NOTE 2. ACQUISITIONS
During fiscal 1997, the Company acquired three software companies, in separate transactions, for an
aggregate consideration of approximately $8.5 million. These acquisitions were accounted for using the
purchase method of accounting, and approximately $6.0 million of the purchase price was allocated to
in-process research and development and expensed at the time of the acquisition. One of the in-process
technologies acquired for $2.5 million was discontinued in fiscal 1998. The project associated with an
additional $2.8 million of the purchased in-process technology was canceled as part of the restructuring in
the third quarter of fiscal 1998 and subsequently sold to a management-led buyout group.

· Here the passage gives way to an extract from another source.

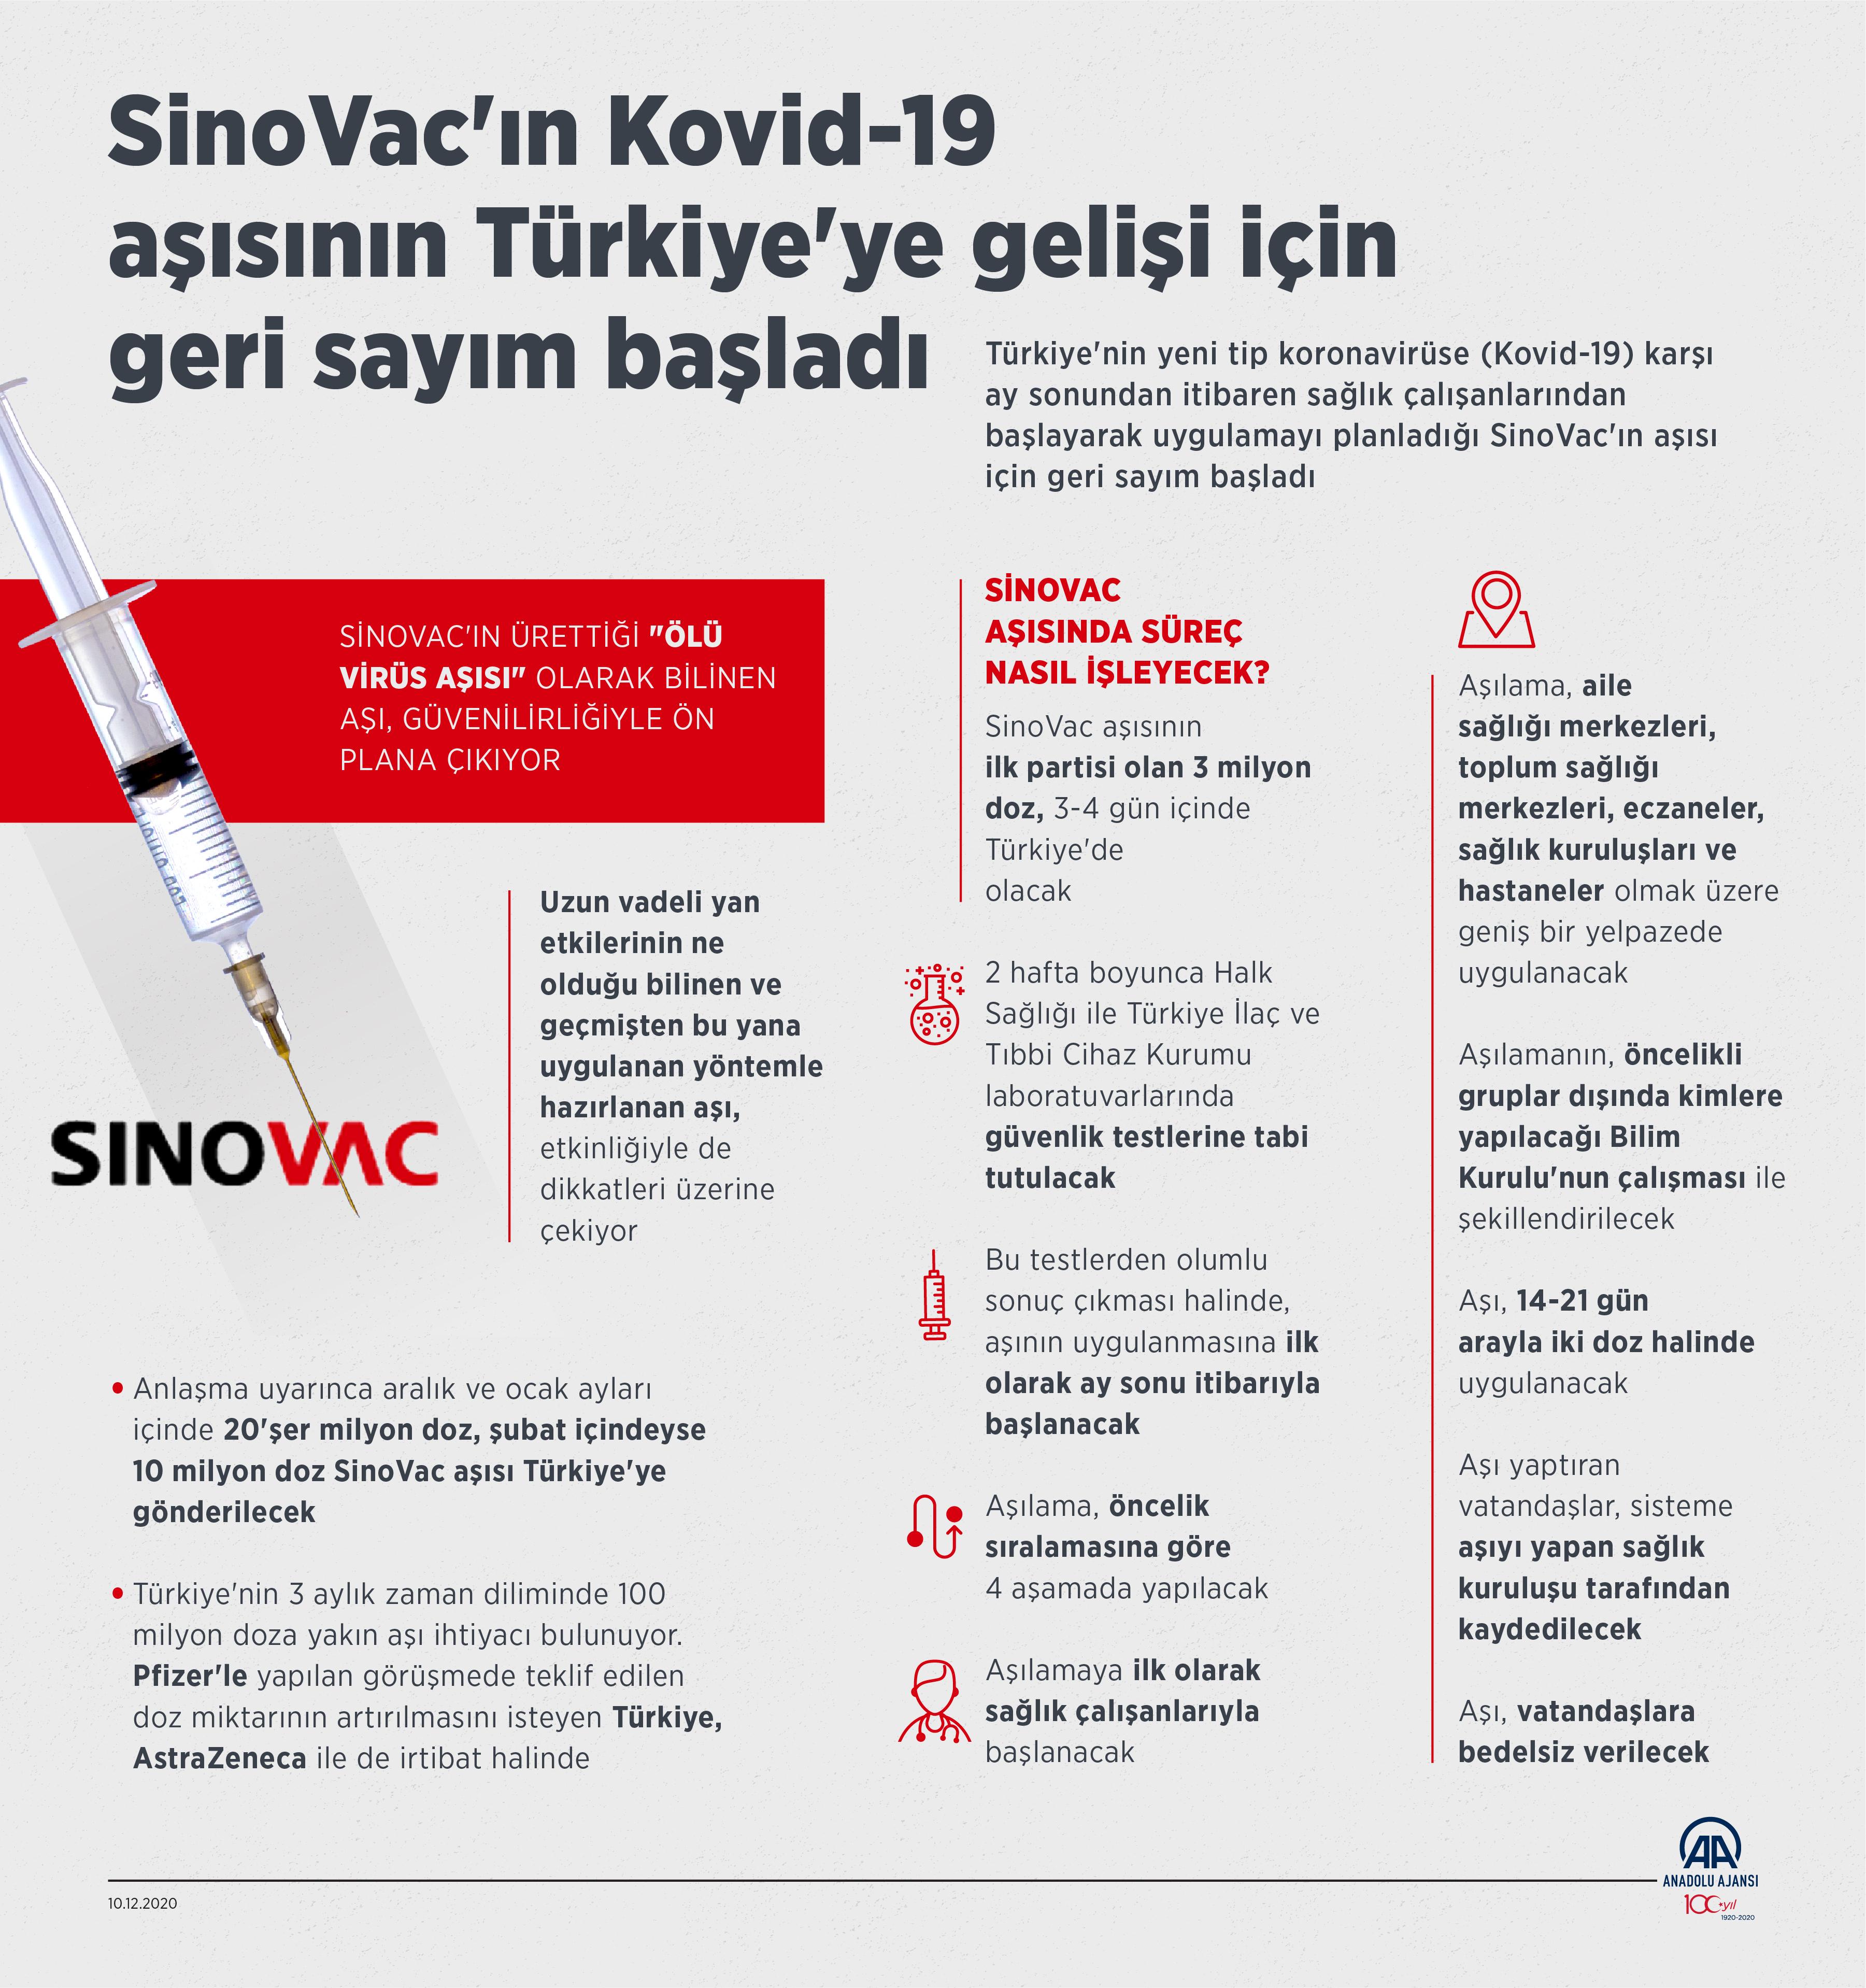 7 Şubat Pazar Türkiye Günlük Koronavirüs Tablosu| Bugünkü korona tablosu| Vaka ve ölüm sayısı kaç oldu?

During fiscal 1996, the Company acquired Ares Software for approximately $15.5 million. The
acquisition was accounted for using the purchase method of accounting, and approximately $15.3 million
of the purchase price was allocated to in-process research and development and expensed at the time of
the acquisition. The value assigned to purchased in-process technology was based on a valuation prepared
by an independent third-party, estimating both the cost of developing and incorporating the in-process
technology into future versions of PostScript and the future cash flows from the enhanced PostScript
product, using a discount factor which takes into consideration the uncertainty surrounding the successful
development of the purchased in-process technology. The in-process technology was completed in fiscal
1997 and incorporated into PostScript 3.
In November 1996, the Company also acquired in-process research and development from Swell
Software for approximately $6.0 million. The research project was discontinued prior to reaching techno-
logical feasibility early in fiscal 1997.